The secretary-general of the Workers Confederation of Venezuela, Carlos Navarro, said the government “acted with dignity” by rejecting the six conditions put forth by the consortium headed by Billiton.
Of the three groups which qualified for participating in the public auction – which according to Venezuelan law must be held to carry out privatisations – the first to pull out was the consortium headed by the world’s two aluminium giants, Alcoa from the United States and Canada’s Alcan.
Three days after Alcoa and Alcan withdrew on Mar. 16, the consortium comprised of Reynolds, another US firm, and Norway’s Norsk Hydro made a similar announcement.
The conditions set by Billiton and its foreign and Venezuelan partners include the possibility of immediately dismissing 1,000 of the 9,900 employees of the companies grouped in the Aluminium Corporation of Venezuela.
The contract approved by Congress stipulates that job stability must be guaranteed for a year, except in the case of senior executives, and that each employee dismissed in the following six months must be replaced.
The consortium headed by Billiton is made up of Picheney from France, Century Aluminum from the United States, and the Venezuelan firms Sural and Alentuy.
Another of their demands was a reduction of the cost of energy stipulated by the new contract. According to independent sources, the price set was higher than the international average, when the cheap energy available in Venezuela is precisely one of the aluminium sector’s most attractive elements.
The last minute rise in the cost of energy has not been explained by the government, which reportedly did not participate in the decision – in spite of the fact that Electricidad del Caroni, which controls 70 percent of the generation of electricity in Venezuela, is a state enterprise.

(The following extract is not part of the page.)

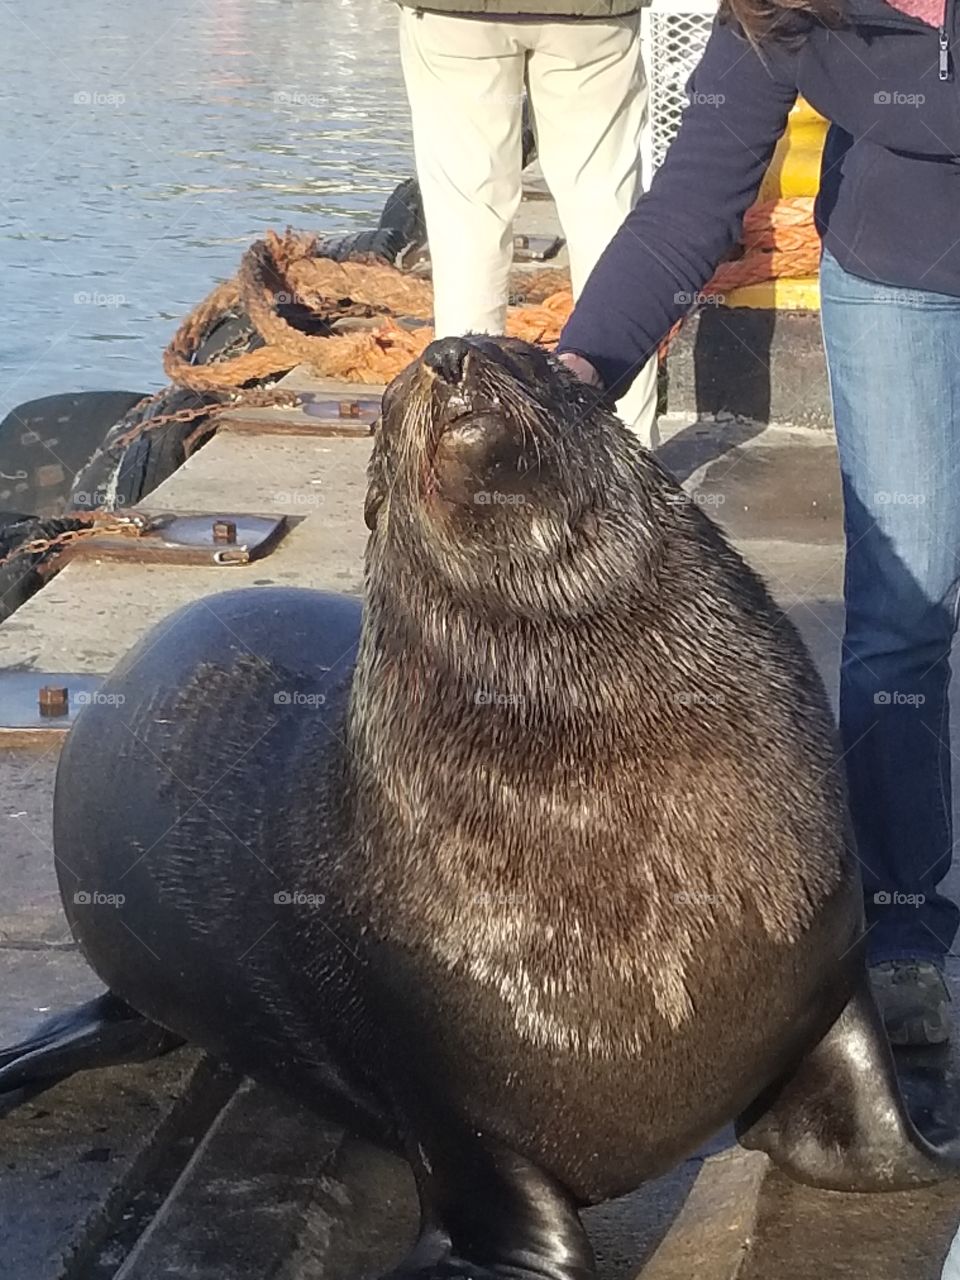 Papi the seal waits for fish

The aluminium companies are located in the jungle region of Guayana, some 800 kms southeast of Caracas and just a few kms from the Guri hydroelectric dam, the second largest currently operating in Latin America, with an installed capacity of 10,000 megawatts.
Venezuela produces 630,000 tonnes a year of aluminium, 3.9 percent of global production, which totals 16.3 million tonnes.
The Corporation includes two smelters, a company that produces carbon anodes used in the aluminium manufacturing process, and a firm that has the concession for bauxite deposits and an alumina plant, the raw material and basic component of aluminium.
The government also rejected Billiton’s demand that the concession for the bauxite deposits included in the sale – which ensures the buyer 13 percent of the existing reserves of the nearby Pijiguaos mines – be extended for 13 years.
Billiton and its partners also asked for extended deadlines for settling the companies’ foreign debt and a lower sum for the environmental liabilities the buyers must take on, and made several demands in case hidden debts were found after the companies were purchased.